- _ACTION ITEM_
Copy the entries exactly, through the "Alistair Risk received" line.

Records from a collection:
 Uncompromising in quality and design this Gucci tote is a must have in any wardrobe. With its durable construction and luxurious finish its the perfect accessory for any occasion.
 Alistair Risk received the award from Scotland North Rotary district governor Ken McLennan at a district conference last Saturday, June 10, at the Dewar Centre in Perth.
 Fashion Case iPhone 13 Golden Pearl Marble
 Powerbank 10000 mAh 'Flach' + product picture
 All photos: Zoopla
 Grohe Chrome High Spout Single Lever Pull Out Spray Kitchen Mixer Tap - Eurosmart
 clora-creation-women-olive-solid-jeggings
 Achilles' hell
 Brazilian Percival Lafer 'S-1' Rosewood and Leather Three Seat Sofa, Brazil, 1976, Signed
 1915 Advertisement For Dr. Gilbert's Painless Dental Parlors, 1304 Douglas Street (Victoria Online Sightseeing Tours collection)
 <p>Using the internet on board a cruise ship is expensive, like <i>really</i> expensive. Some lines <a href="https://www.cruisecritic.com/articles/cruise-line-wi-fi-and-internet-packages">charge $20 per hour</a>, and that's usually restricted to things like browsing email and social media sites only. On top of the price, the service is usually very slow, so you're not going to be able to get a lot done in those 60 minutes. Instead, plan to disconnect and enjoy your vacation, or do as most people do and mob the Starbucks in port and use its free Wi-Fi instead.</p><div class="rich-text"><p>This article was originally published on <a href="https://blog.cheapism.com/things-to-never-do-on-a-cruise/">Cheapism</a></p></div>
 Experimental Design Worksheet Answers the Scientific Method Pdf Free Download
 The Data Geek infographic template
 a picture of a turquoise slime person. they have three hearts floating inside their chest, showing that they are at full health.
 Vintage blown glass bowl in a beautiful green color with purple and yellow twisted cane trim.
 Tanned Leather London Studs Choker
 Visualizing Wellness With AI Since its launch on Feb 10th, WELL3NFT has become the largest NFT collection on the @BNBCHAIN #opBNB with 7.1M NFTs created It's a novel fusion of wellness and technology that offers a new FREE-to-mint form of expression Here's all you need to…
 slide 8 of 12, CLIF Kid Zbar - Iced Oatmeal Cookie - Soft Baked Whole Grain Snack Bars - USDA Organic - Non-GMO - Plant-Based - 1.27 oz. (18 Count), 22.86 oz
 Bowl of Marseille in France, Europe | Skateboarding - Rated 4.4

- _OUTPUT BELOW_
 Uncompromising in quality and design this Gucci tote is a must have in any wardrobe. With its durable construction and luxurious finish its the perfect accessory for any occasion.
 Alistair Risk received the award from Scotland North Rotary district governor Ken McLennan at a district conference last Saturday, June 10, at the Dewar Centre in Perth.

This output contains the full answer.